Print the listing in its entirety and exactly, leaving out images.

[RECORDED DATA]
* * * * * * * * *

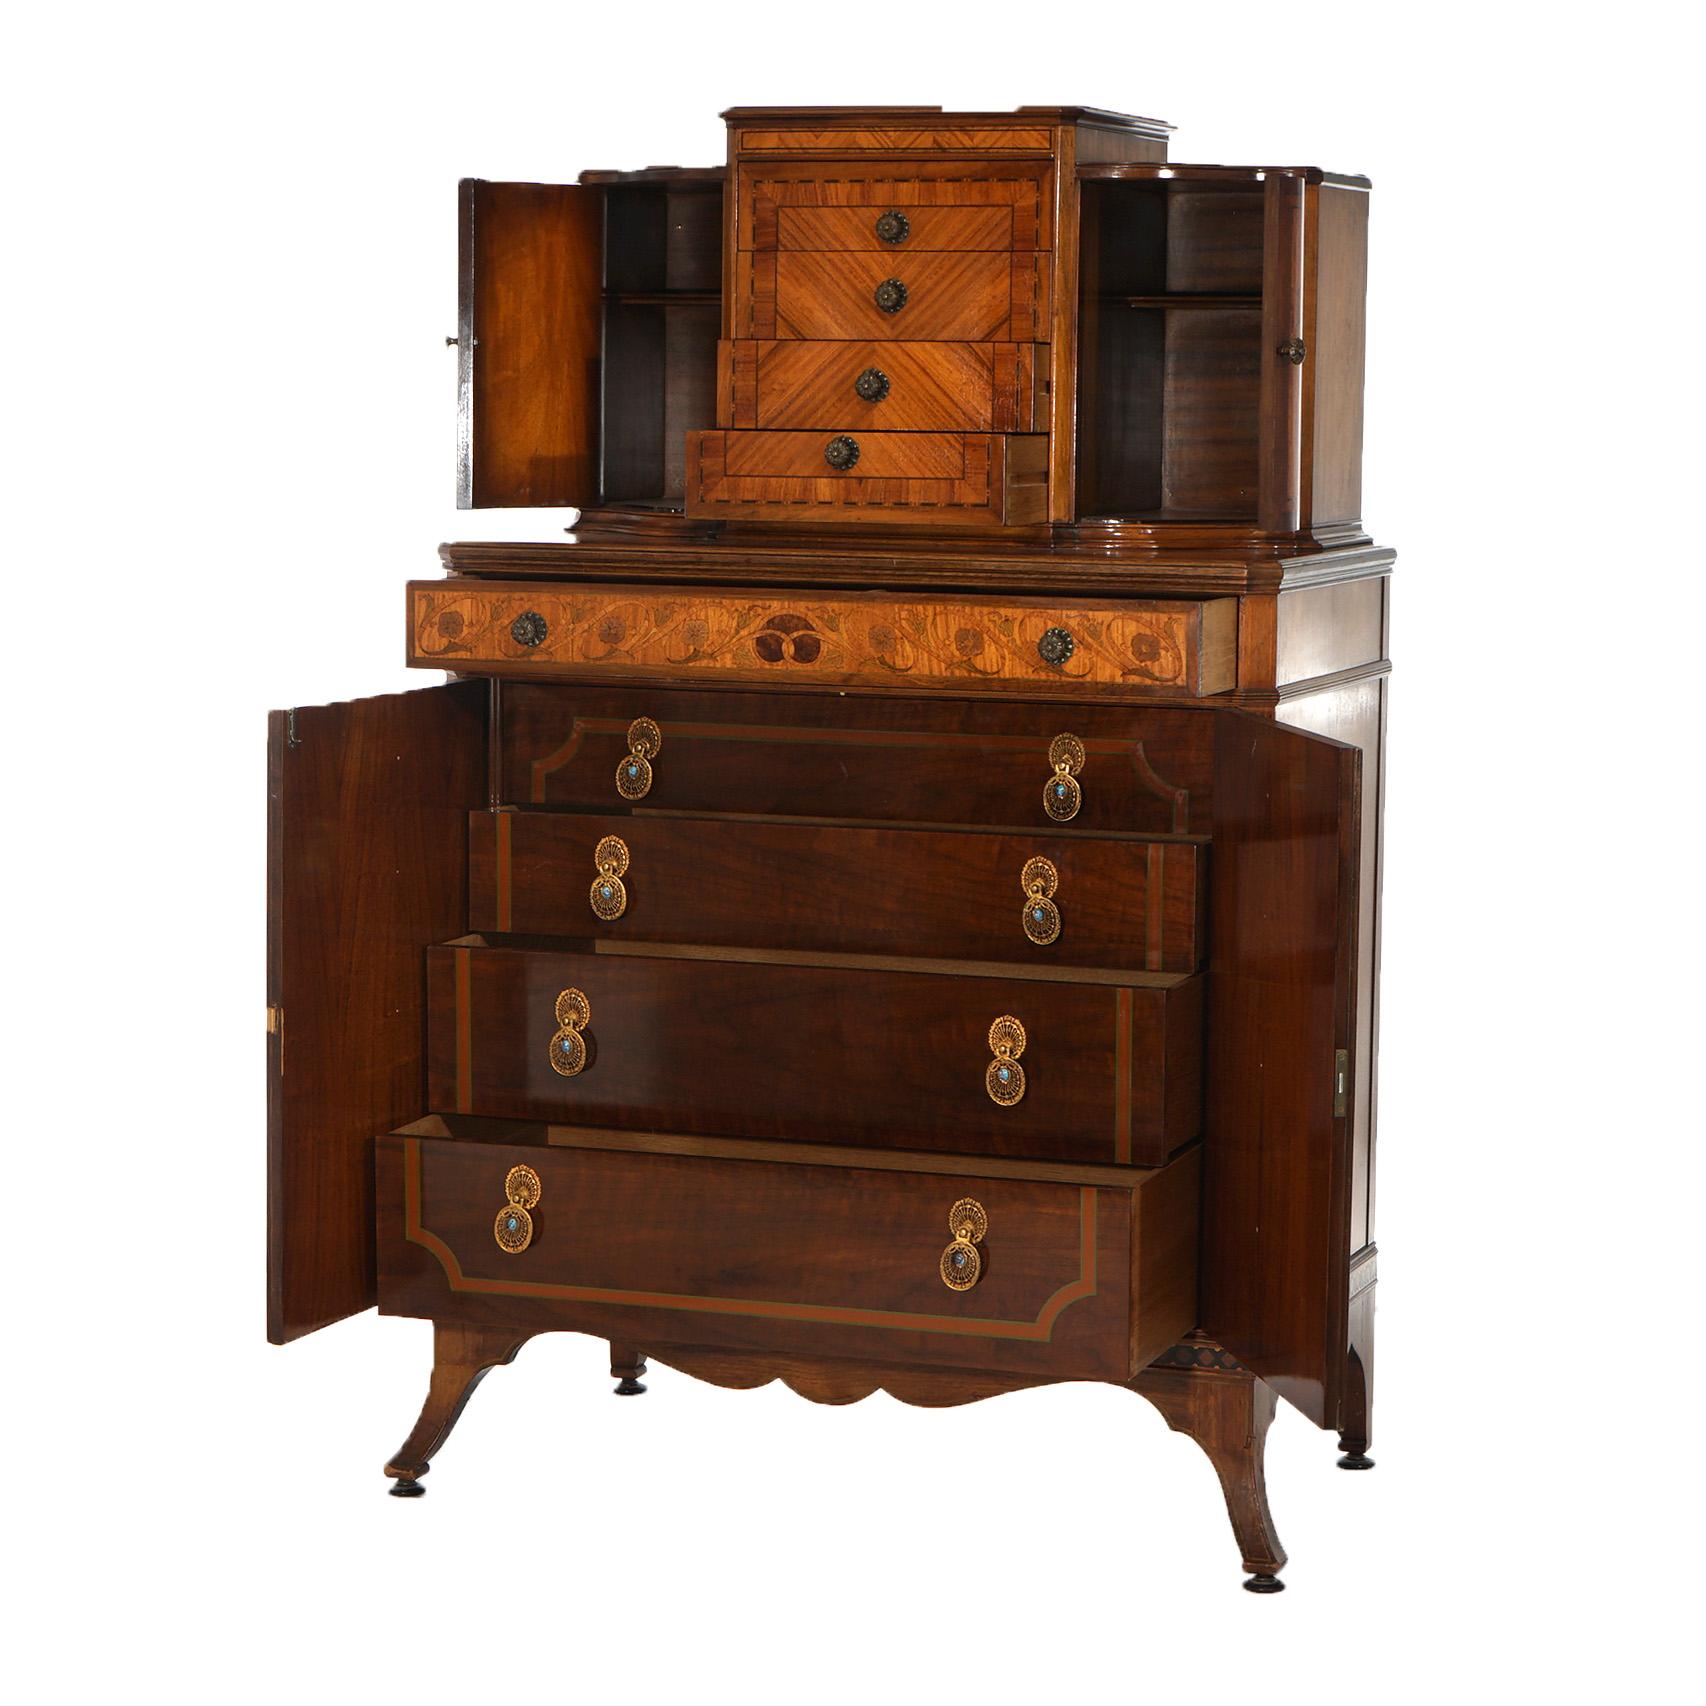 ***Ask About Reduced In-House Shipping Rates - Reliable Service & Fully Insured***
An antique chifferobe dresser by Johnson Furniture Co. offers satinwood and mahogany construction with floral marquetry and upper drawer tower having flanking blind
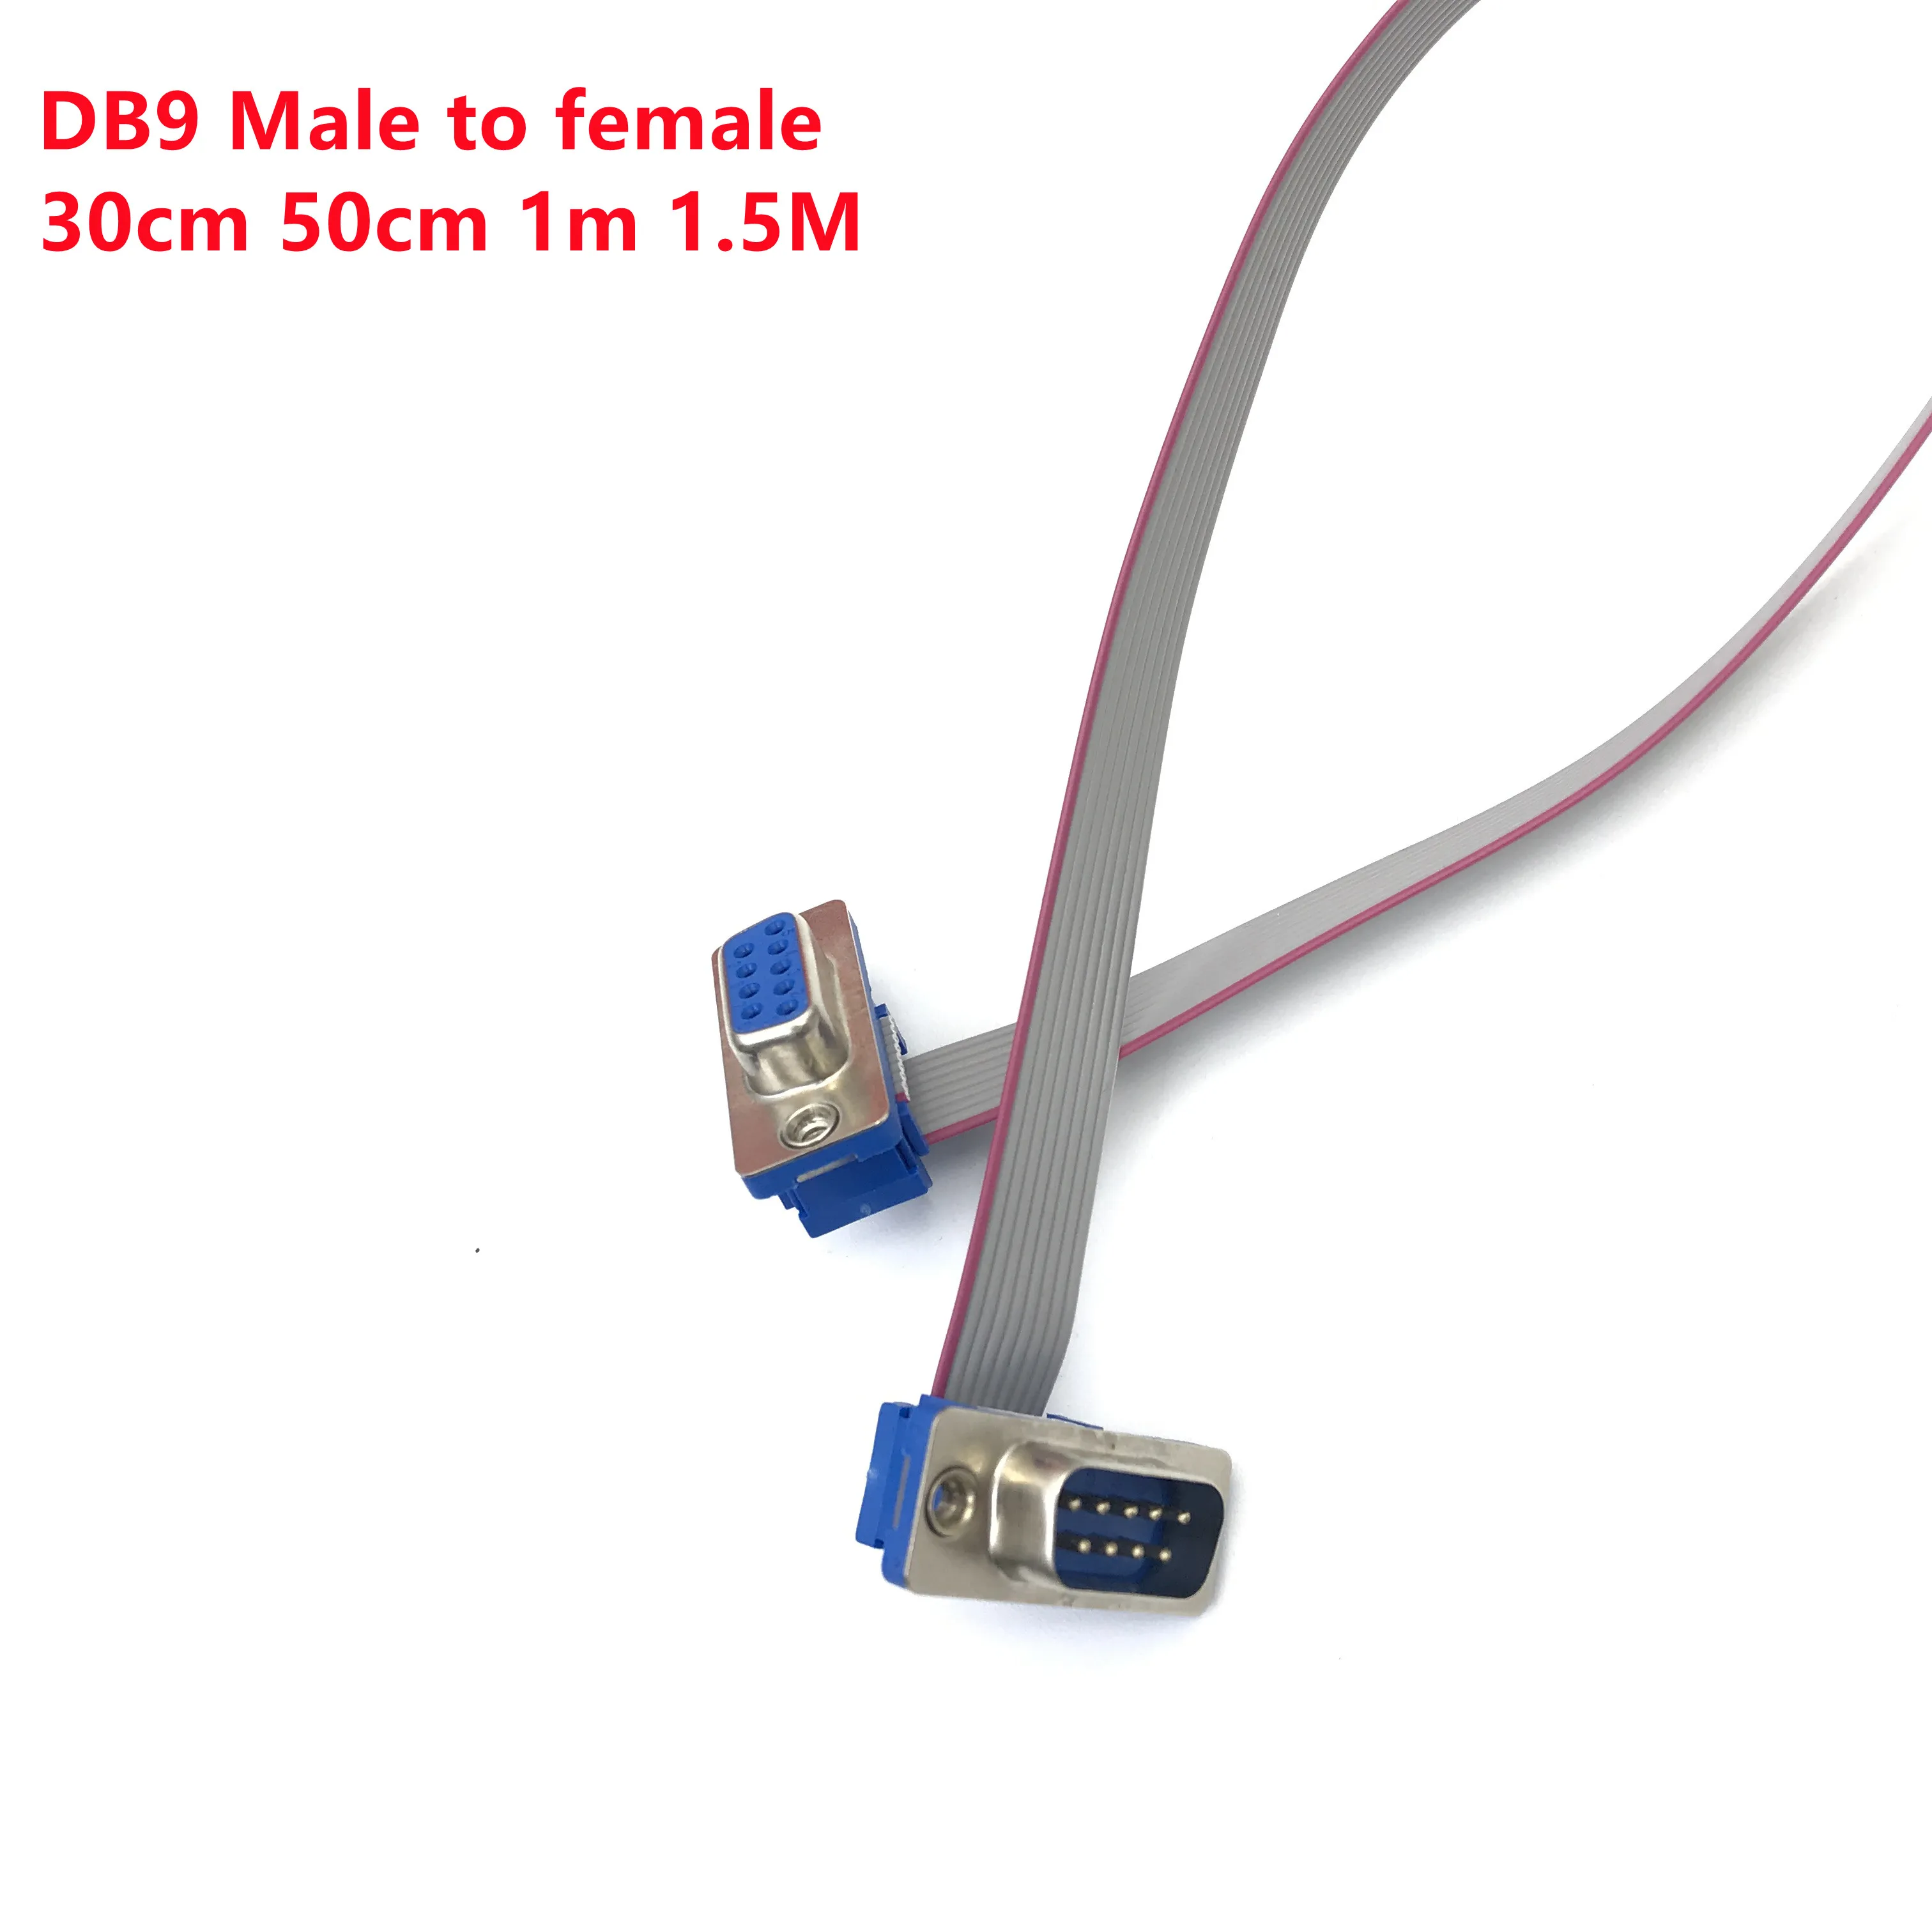 

1PCS 20CM 50CM 1M DB9 MALE to FEMALE CABLE D-Sub serial port connector adapter rs232 com Extension Cable

* * * * * * * * *

[WRITTEN ANSWER]
 ***Ask About Reduced In-House Shipping Rates - Reliable Service & Fully Insured***
An antique chifferobe dresser by Johnson Furniture Co. offers satinwood and mahogany construction with floral marquetry and upper drawer tower having flanking blind

1PCS 20CM 50CM 1M DB9 MALE to FEMALE CABLE D-Sub serial port connector adapter rs232 com Extension Cable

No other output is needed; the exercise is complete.